> **INPUT DATA**:
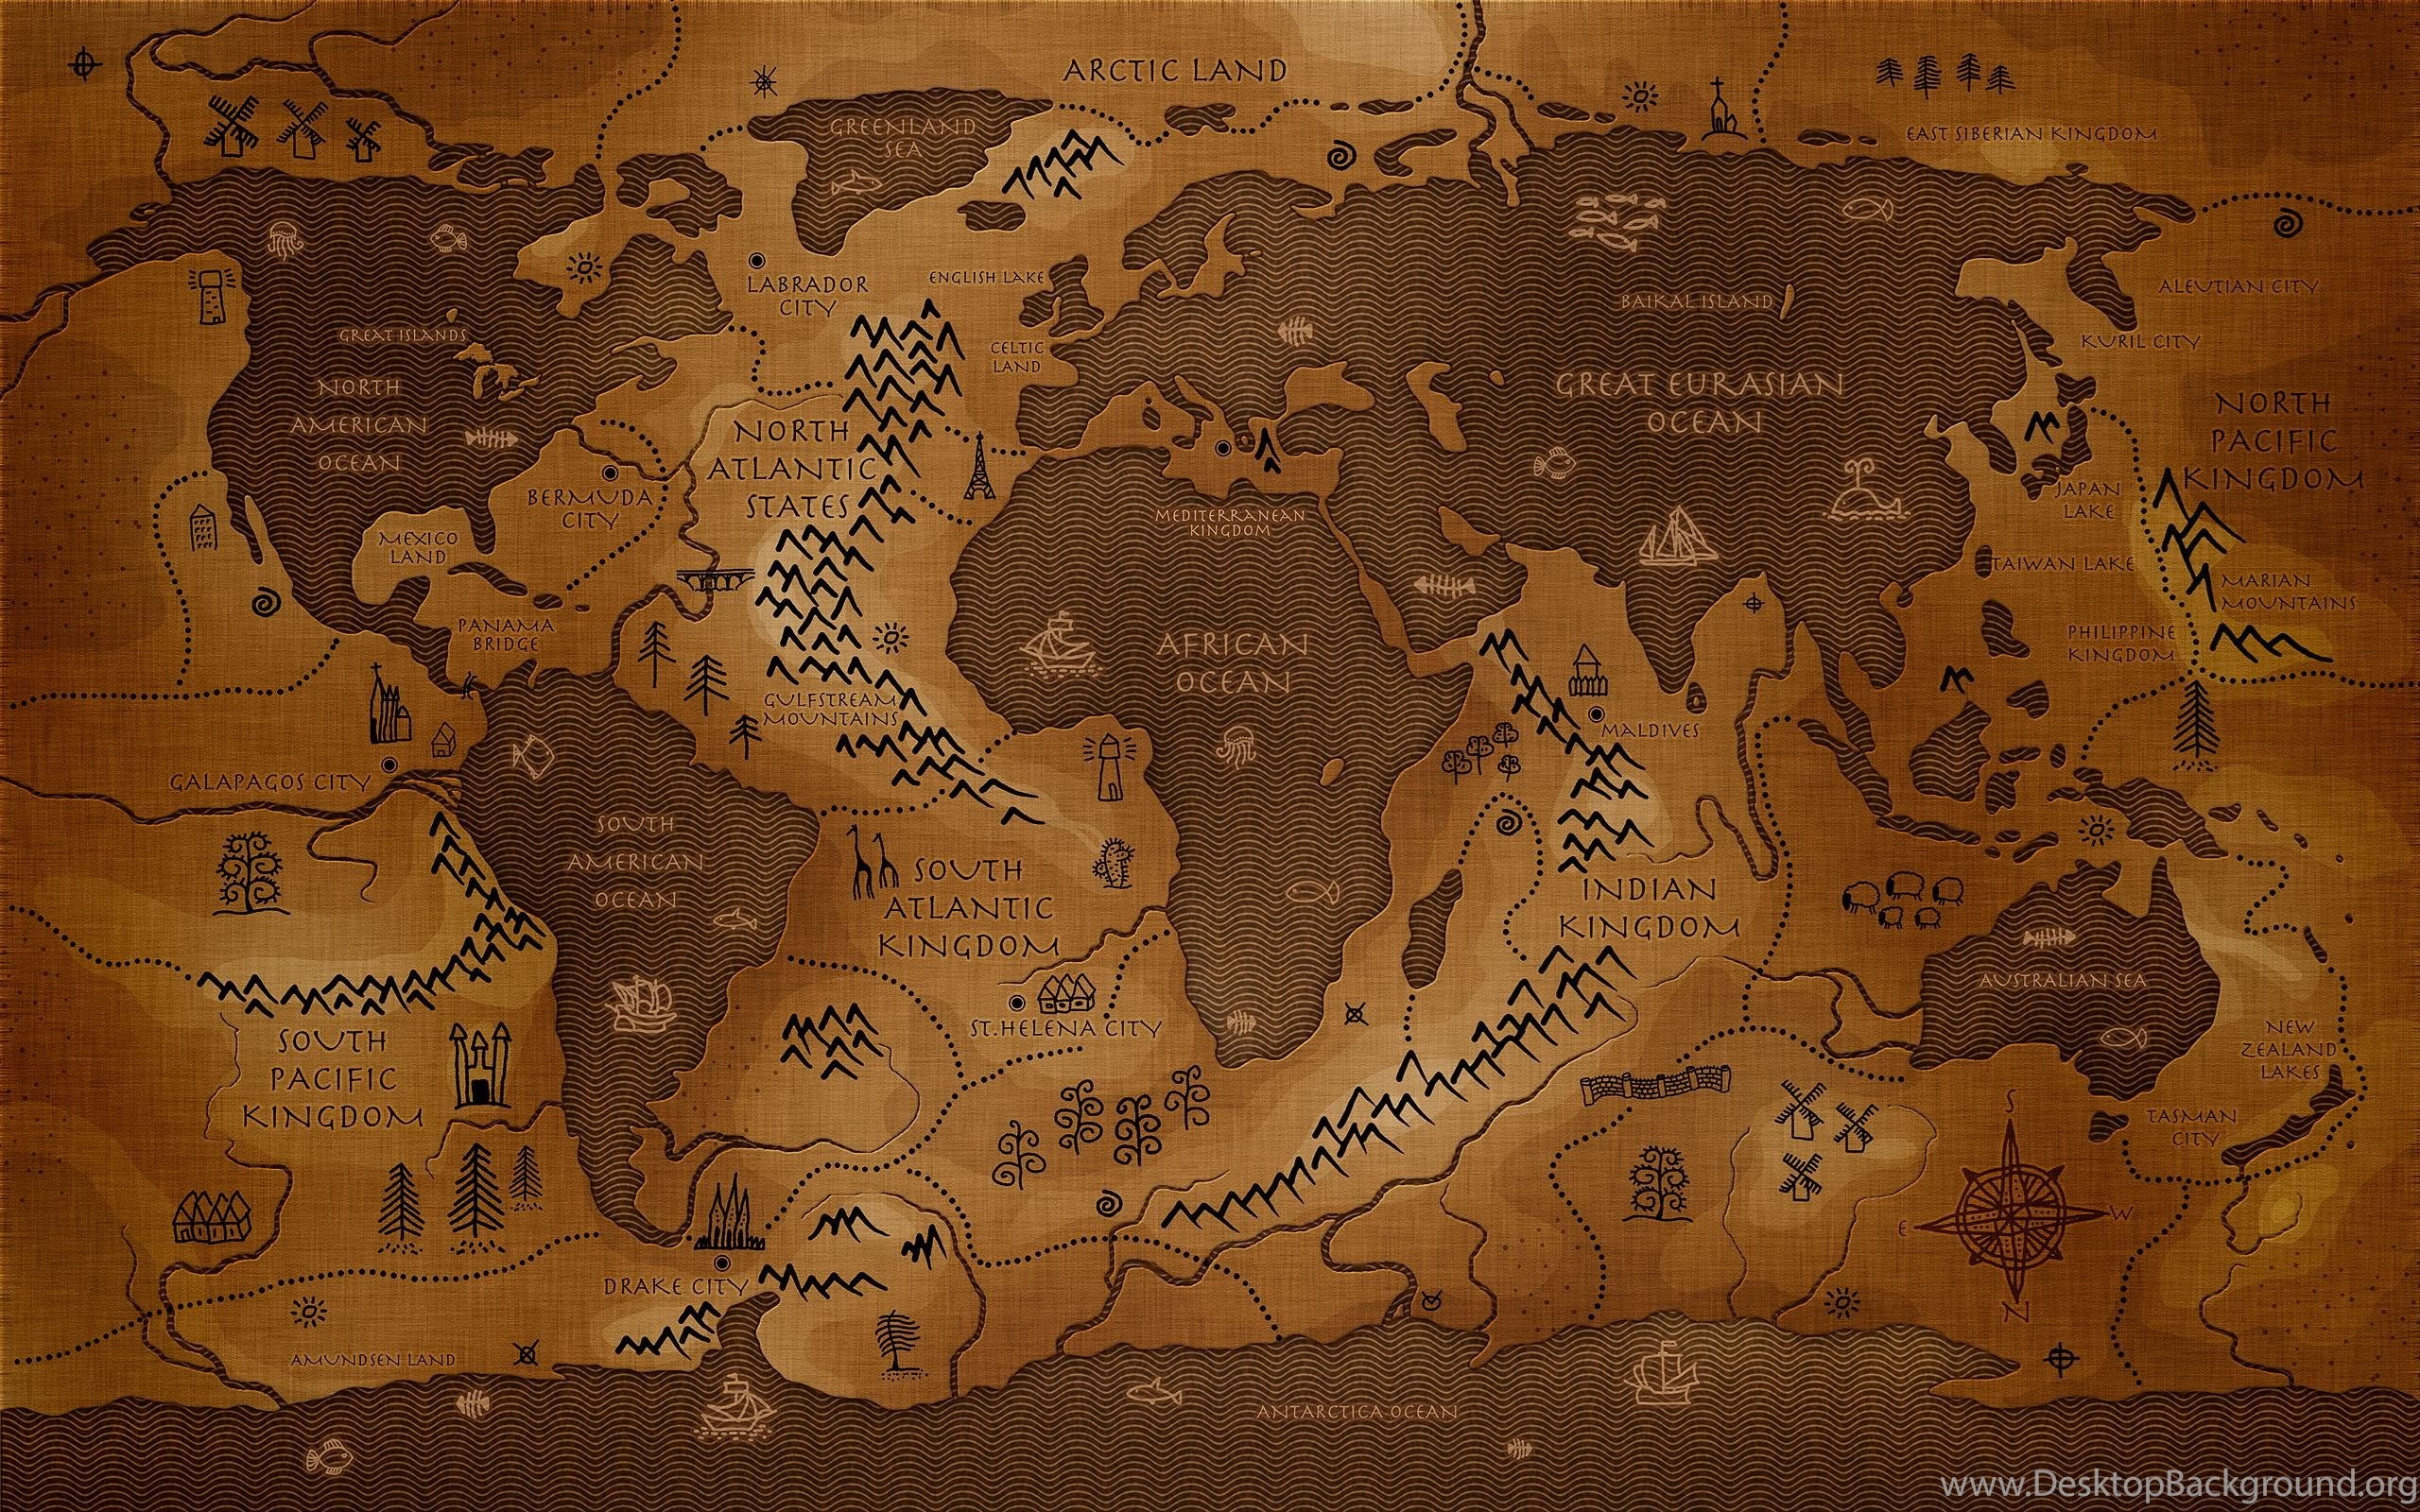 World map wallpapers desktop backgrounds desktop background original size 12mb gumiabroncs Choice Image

--

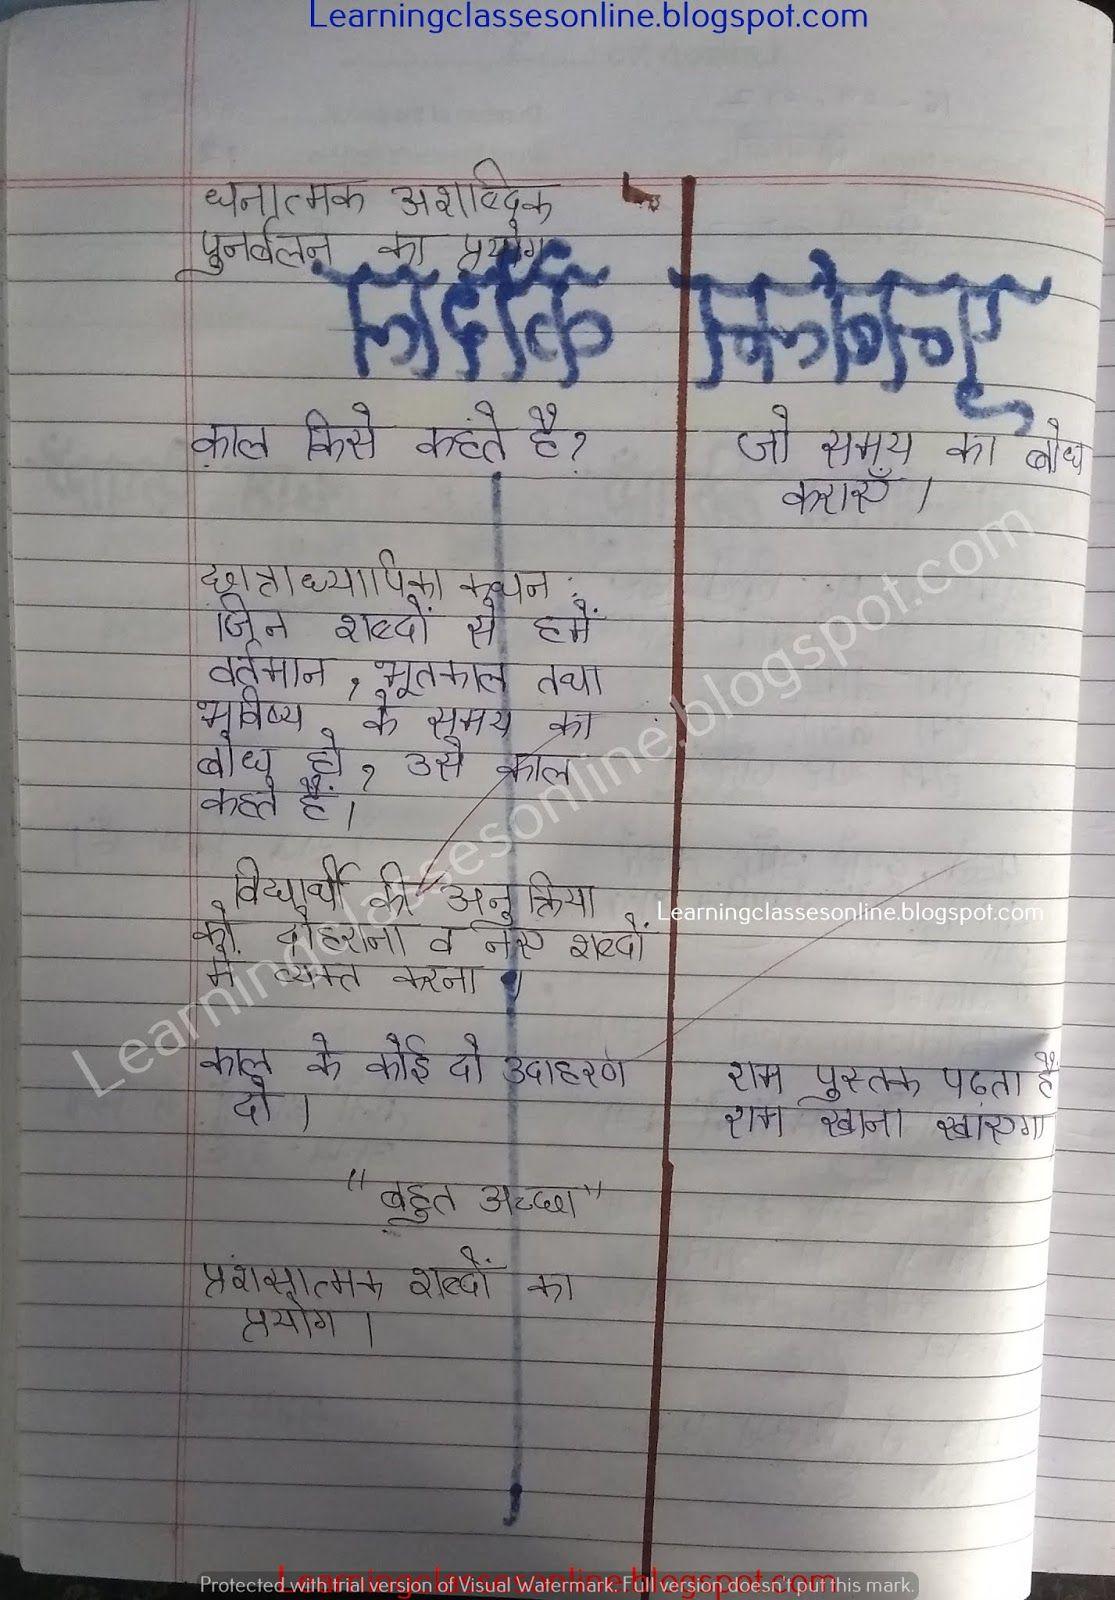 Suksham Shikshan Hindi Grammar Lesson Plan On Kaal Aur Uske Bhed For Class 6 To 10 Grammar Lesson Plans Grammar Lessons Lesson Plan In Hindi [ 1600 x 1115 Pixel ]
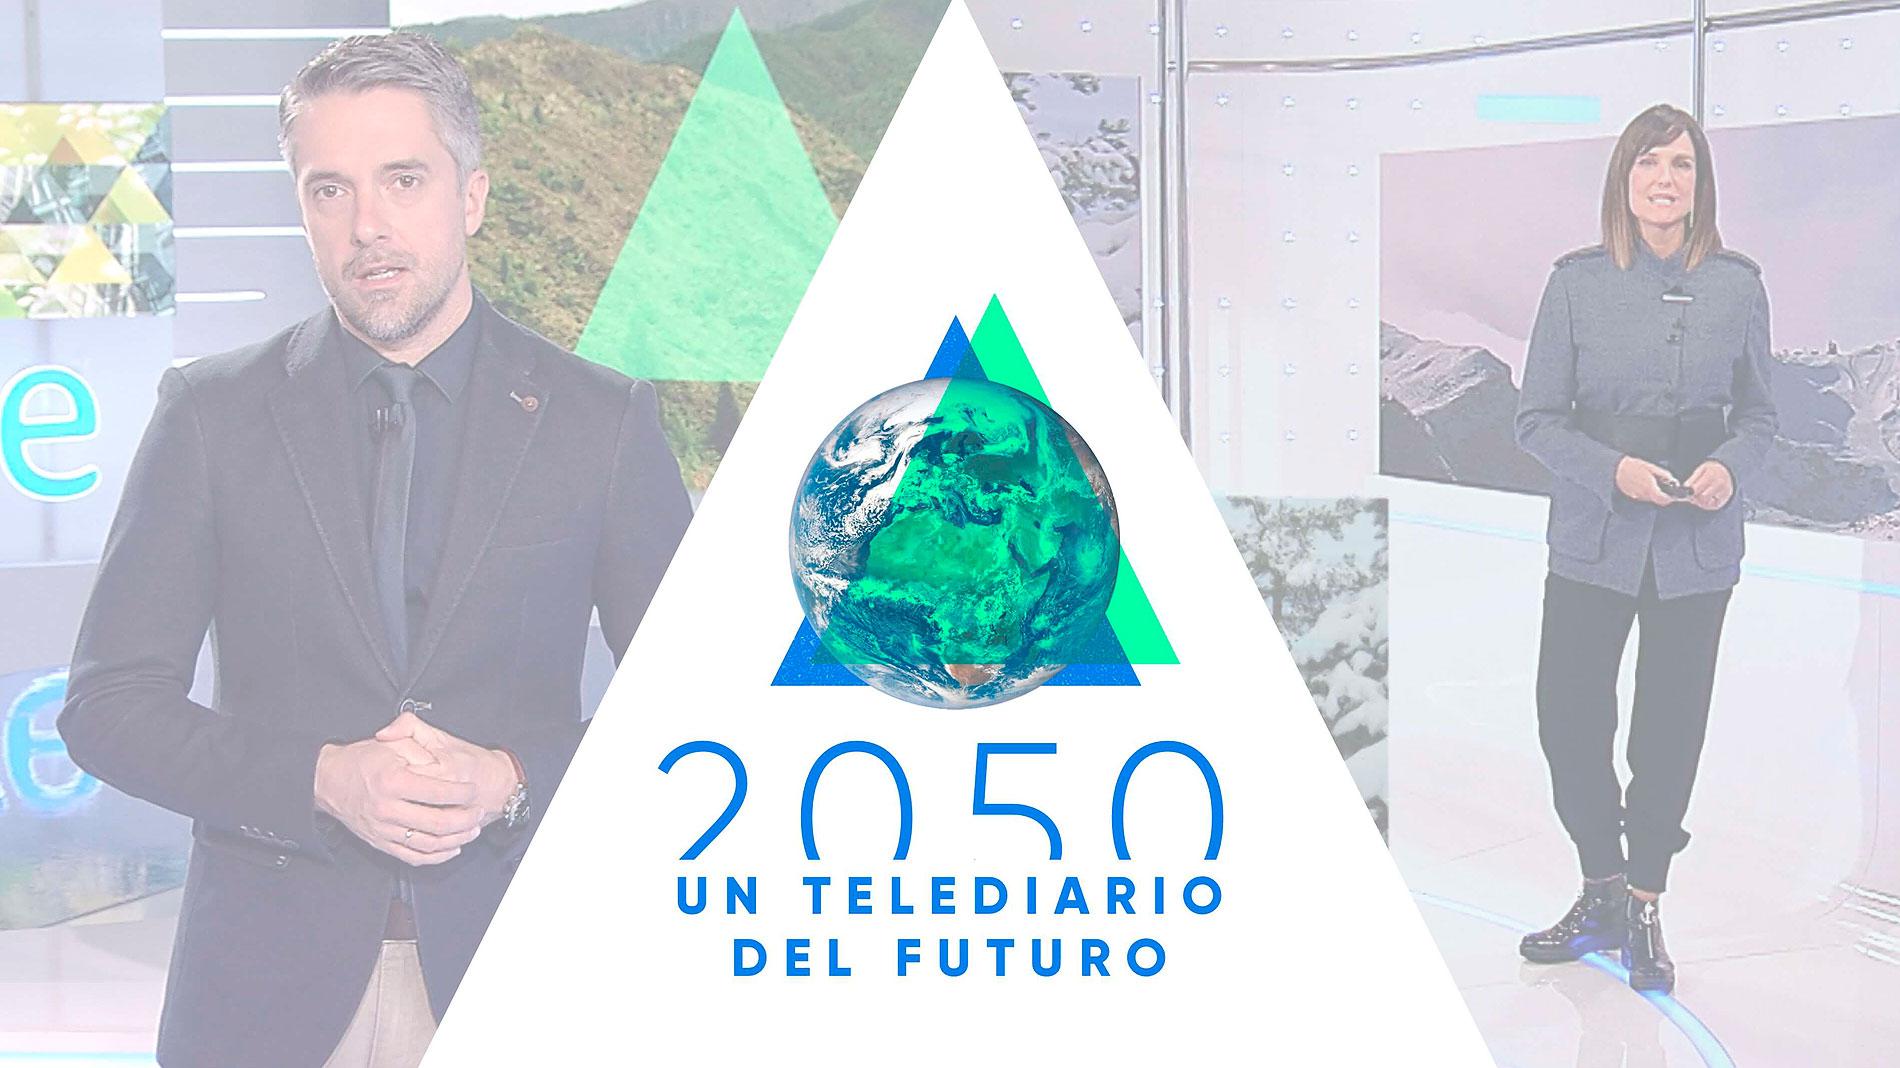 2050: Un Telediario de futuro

> **GOAL OF THE EXERCISE**: Exact copy, pictures excluded: from the line with "Suksham Shikshan Hindi" up to and including the line with "2050: Un Telediario de futuro" in the data above.

> **TASK OUTPUT**:
 Suksham Shikshan Hindi Grammar Lesson Plan On Kaal Aur Uske Bhed For Class 6 To 10 Grammar Lesson Plans Grammar Lessons Lesson Plan In Hindi [ 1600 x 1115 Pixel ]
 2050: Un Telediario de futuro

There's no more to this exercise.